All this work, of course, added only small, and rather implicitly received, knowledge concerning the animal itself. That discussion was going on elsewhere. Following Walter Gross's destruction of the fish in the 1950s, the animal had not been much discussed. Instead, the conodont workers had put their heads down and worked hard to develop a very practical and connected science. However, at the end of the 1960s, the animal again began to emerge and this aspect of conodont studies once again became a hot field. It is now time to unveil the animal.

 

MANY WHO HAD HEARD THE CONODONT'S STORY DOUBTLESS
imagined that impossible day when the animal would be found. In a corner of so many minds, there was intense curiosity about these tiny things. They were, after all, as Maurits Lindström had put it in 1964, “the biggest and most important group of fossils about which the zoological relationships are entirely unknown.”
¹
The fossils seemed to defy comprehension. That special day did, however, come. It was September 5,1969. That, at least, was the day of realization. Less than two months after Neil Armstrong stepped onto an alien world, paleontology produced its own alien and it was utterly bizarre. Before long, the news spread across the same networks that had covered the moon landing, though rarely warranting more than a column inch.

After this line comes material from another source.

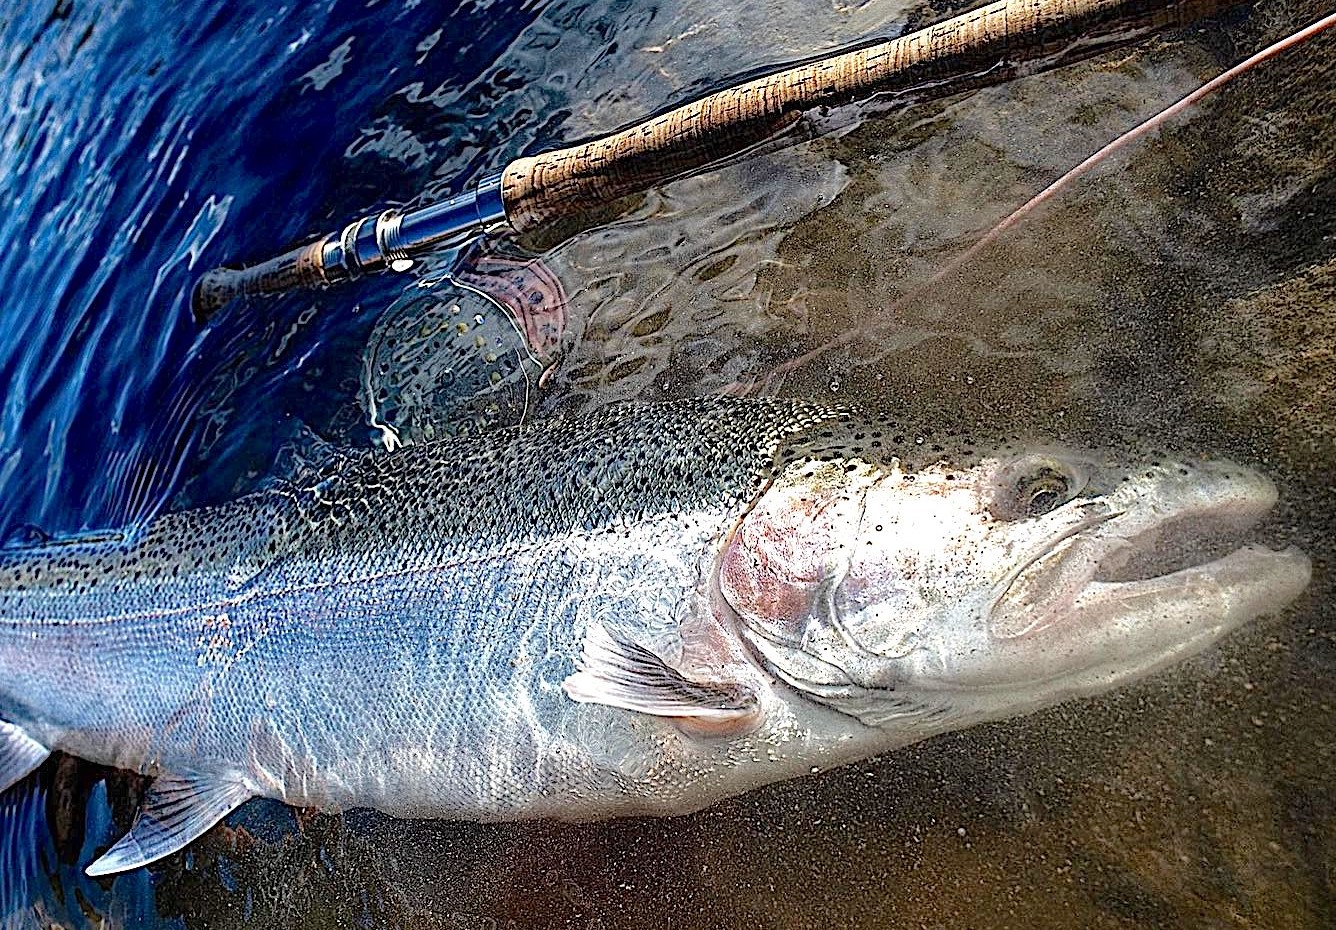 Walleye bite is on, weather favors trout runs: NE Ohio fishing

The animal's reception – at least in the scientific world – was, appropriately enough, that reserved for aliens in those classic American sci-fi films of the 1950s: From the moment of its innocuous arrival, mankind, so it seemed, sought the alien's destruction. And in keeping with that tradition, it seems appropriate that our hero is also our antihero, his integrity doubted, his actions condemned. His name was Harold Scott. It will be recalled that he, as a young man in the 1930s, had made that giant leap to reveal the animal's complexity – a discovery that ultimately turned the science on its head. In 1969, he was at the other end of his long career and nearing retirement, yet his role in the drama was no different. As in the 1930s, Scott was again making assertions few could, or wanted to, believe. His critics thought this latest conodont animal was the product of a fertile imagination. Scott however, had good reason to believe that he would again prevail.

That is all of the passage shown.